PROVIDED RECORDS:
------------

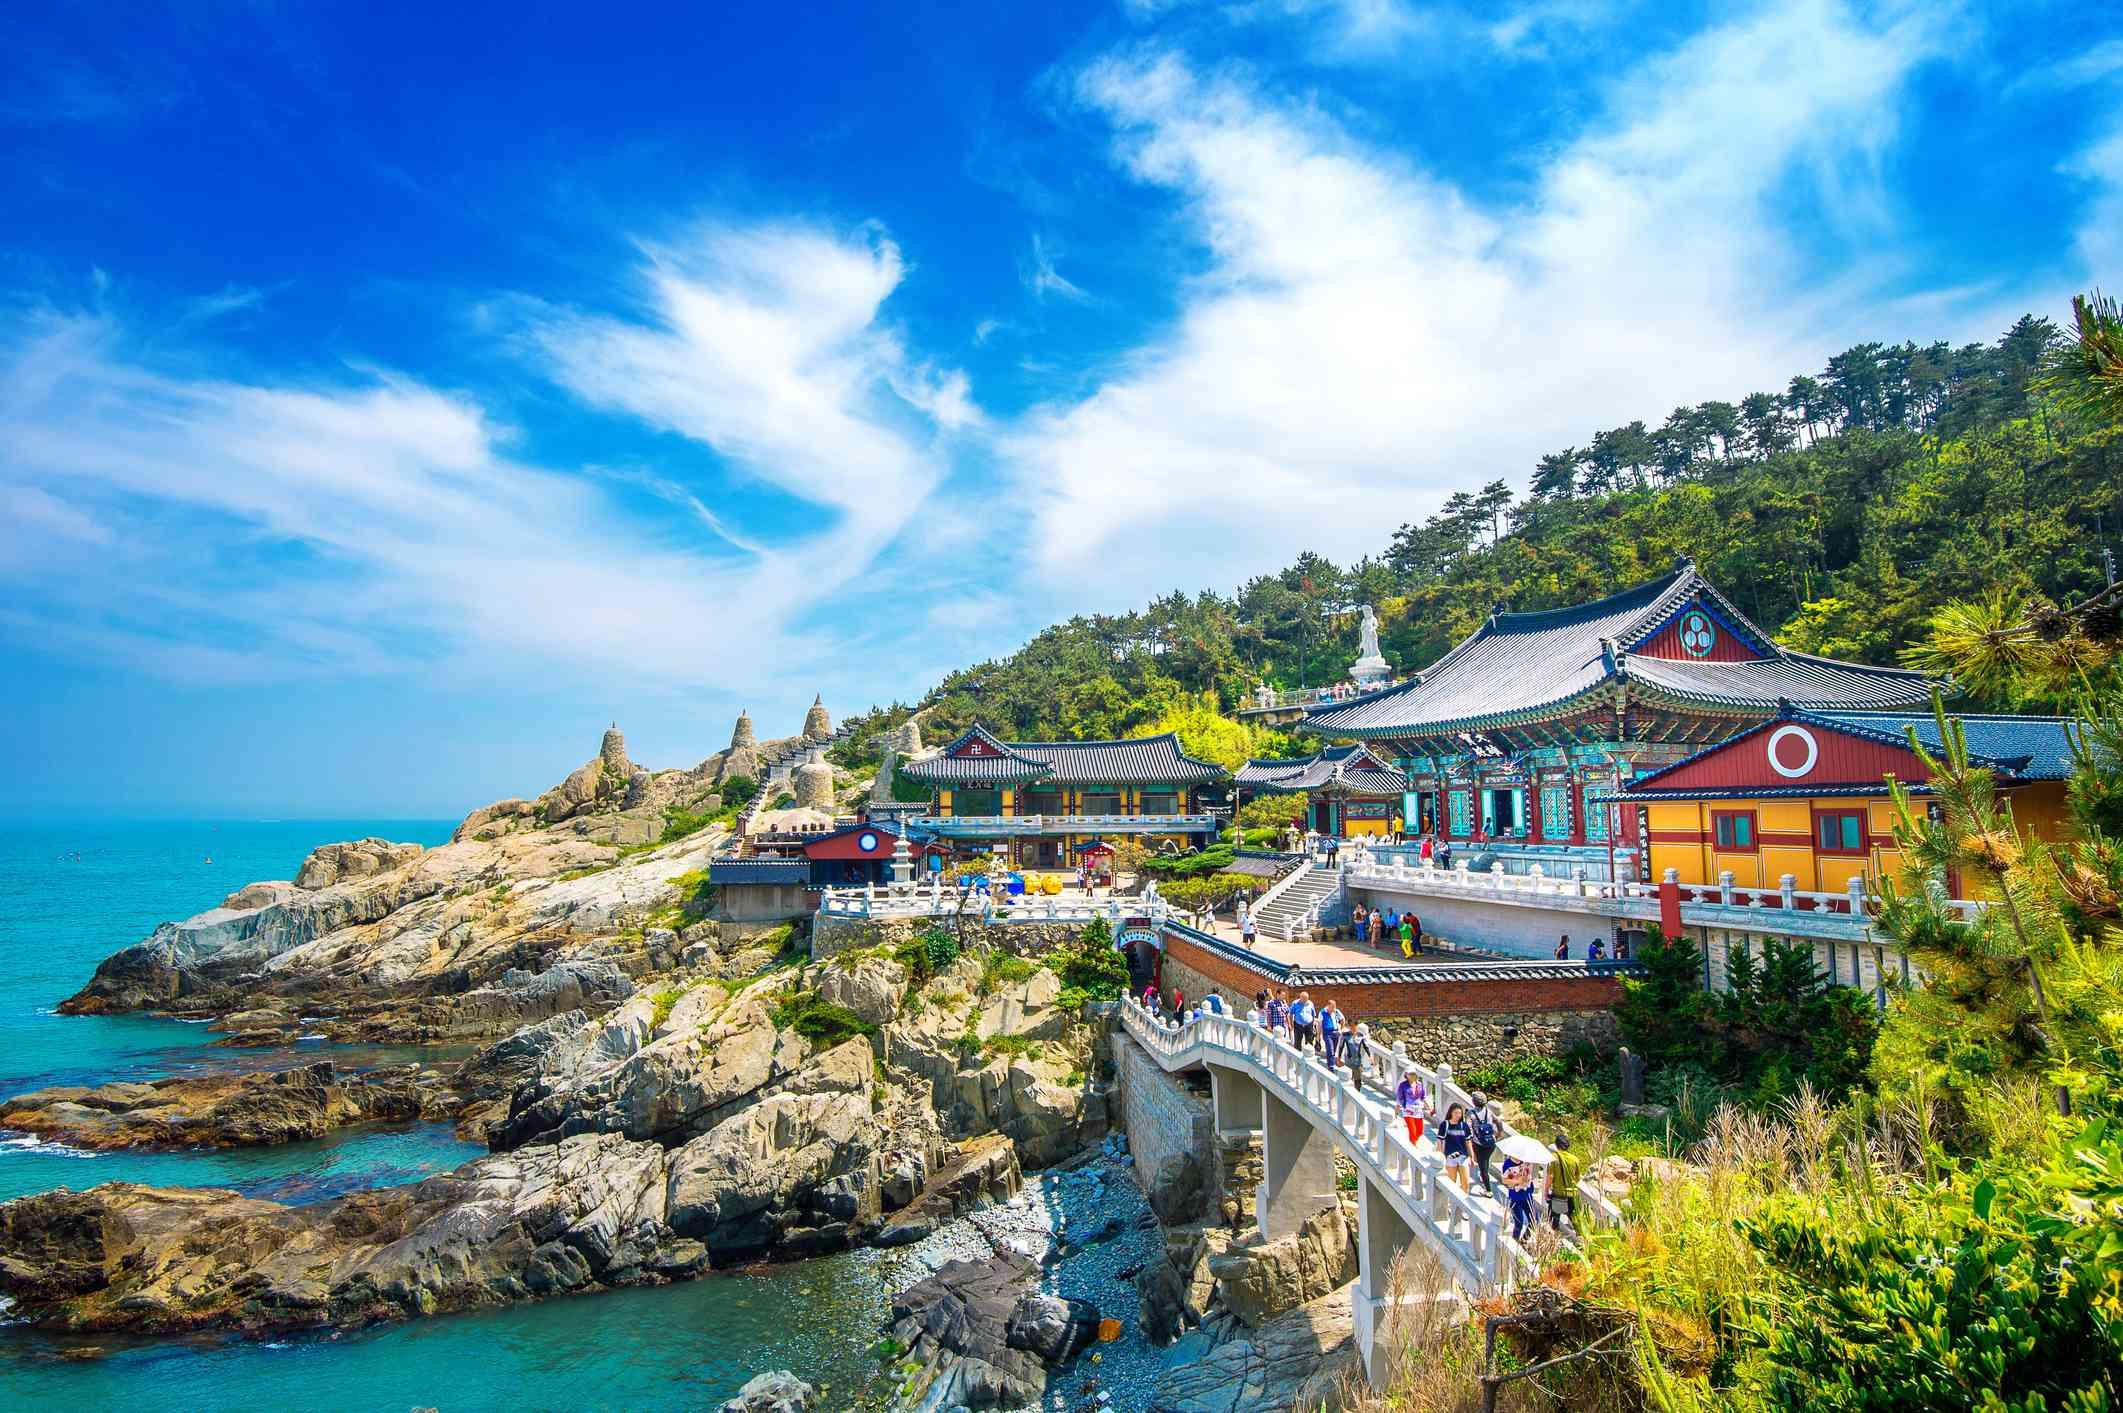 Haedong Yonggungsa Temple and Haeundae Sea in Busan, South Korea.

------------

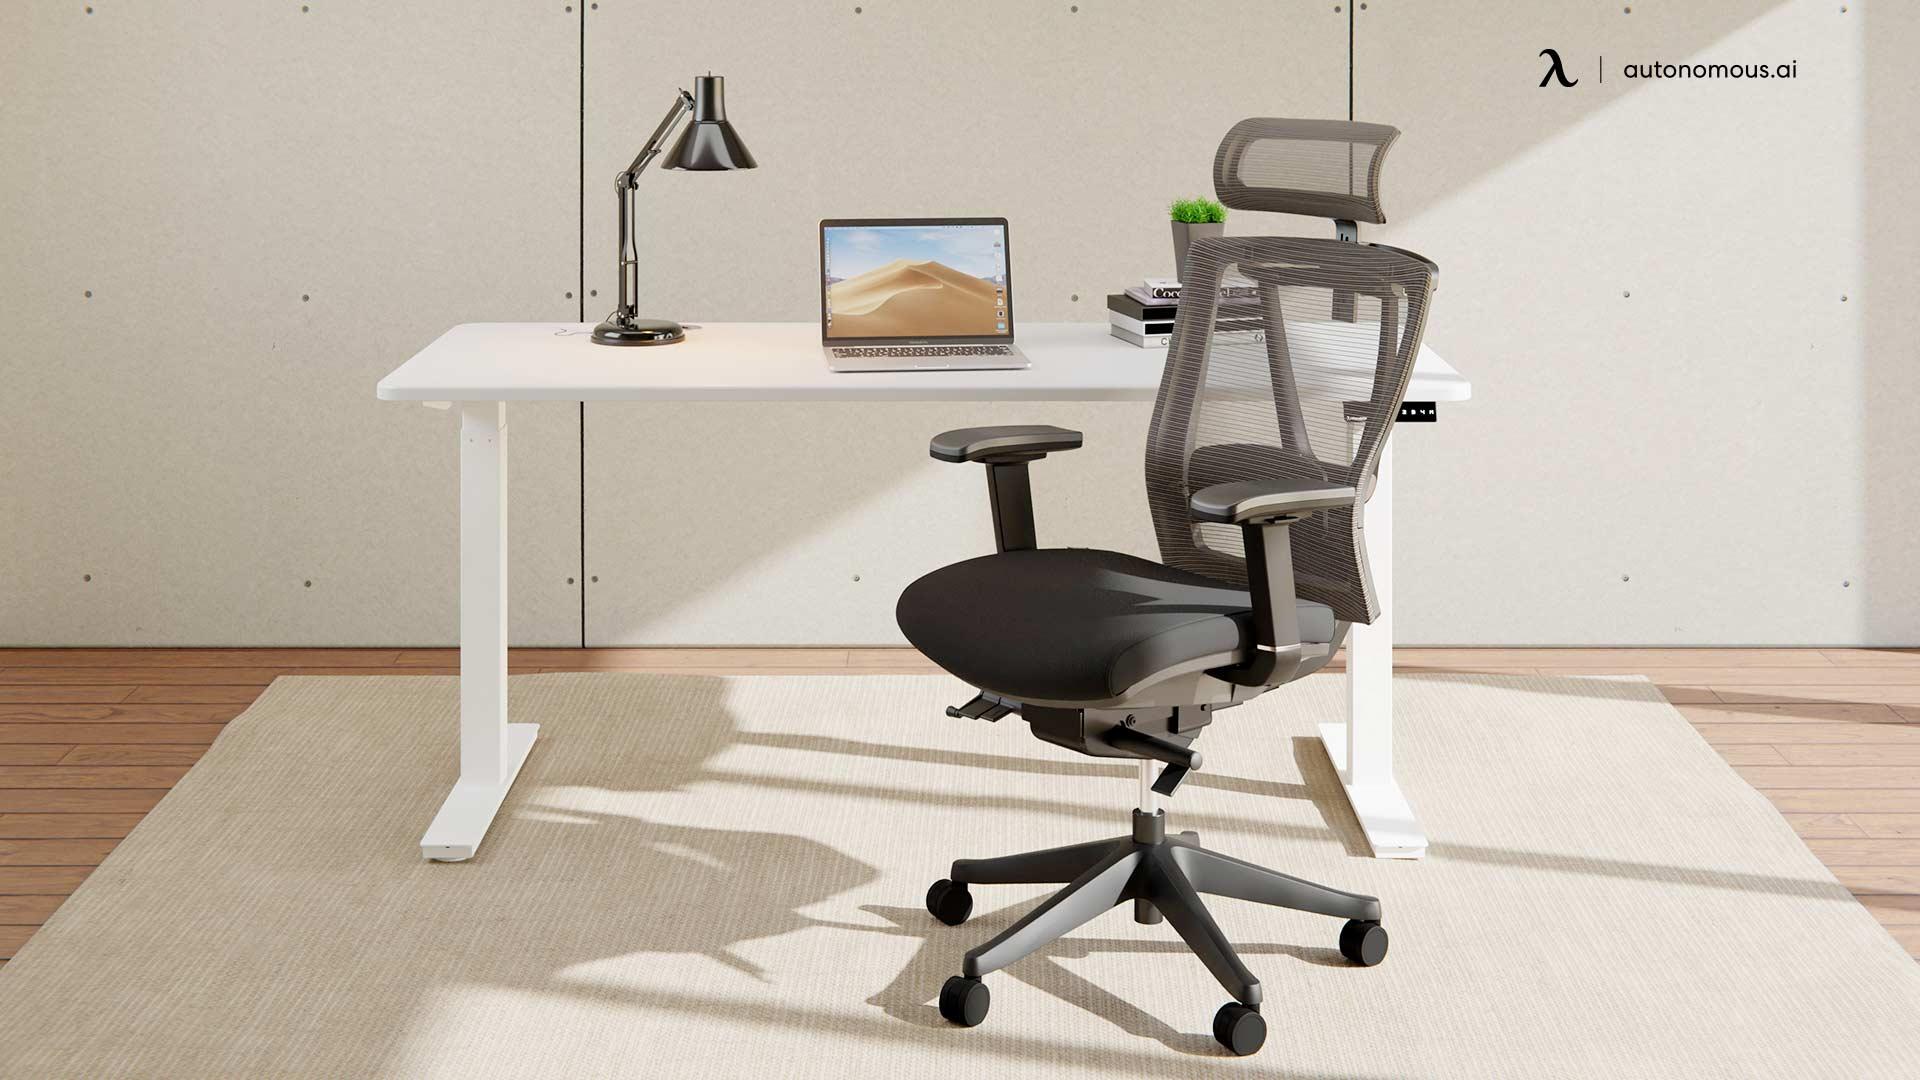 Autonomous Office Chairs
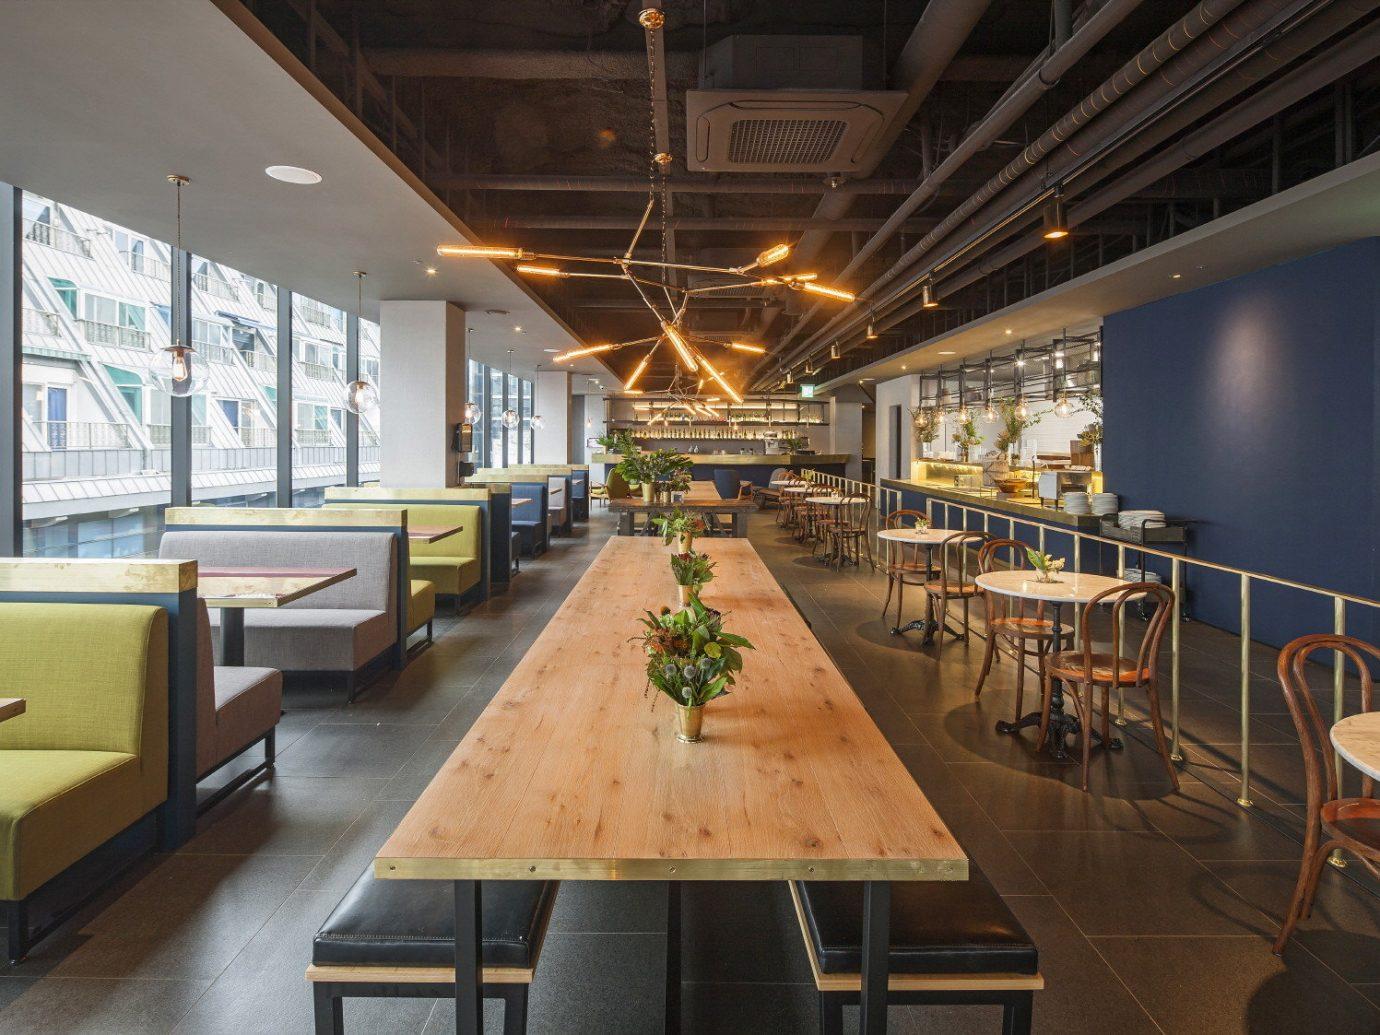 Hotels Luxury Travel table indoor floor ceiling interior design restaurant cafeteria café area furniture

------------

WHAT YOU NEED TO DO:
Your output should be the lines above from the one that contains "Autonomous Office Chairs" through the one that contains "Hotels Luxury Travel", word for word, with pictures left out.

RESPONSE TO THIS TASK:
 Autonomous Office Chairs
 Hotels Luxury Travel table indoor floor ceiling interior design restaurant cafeteria café area furniture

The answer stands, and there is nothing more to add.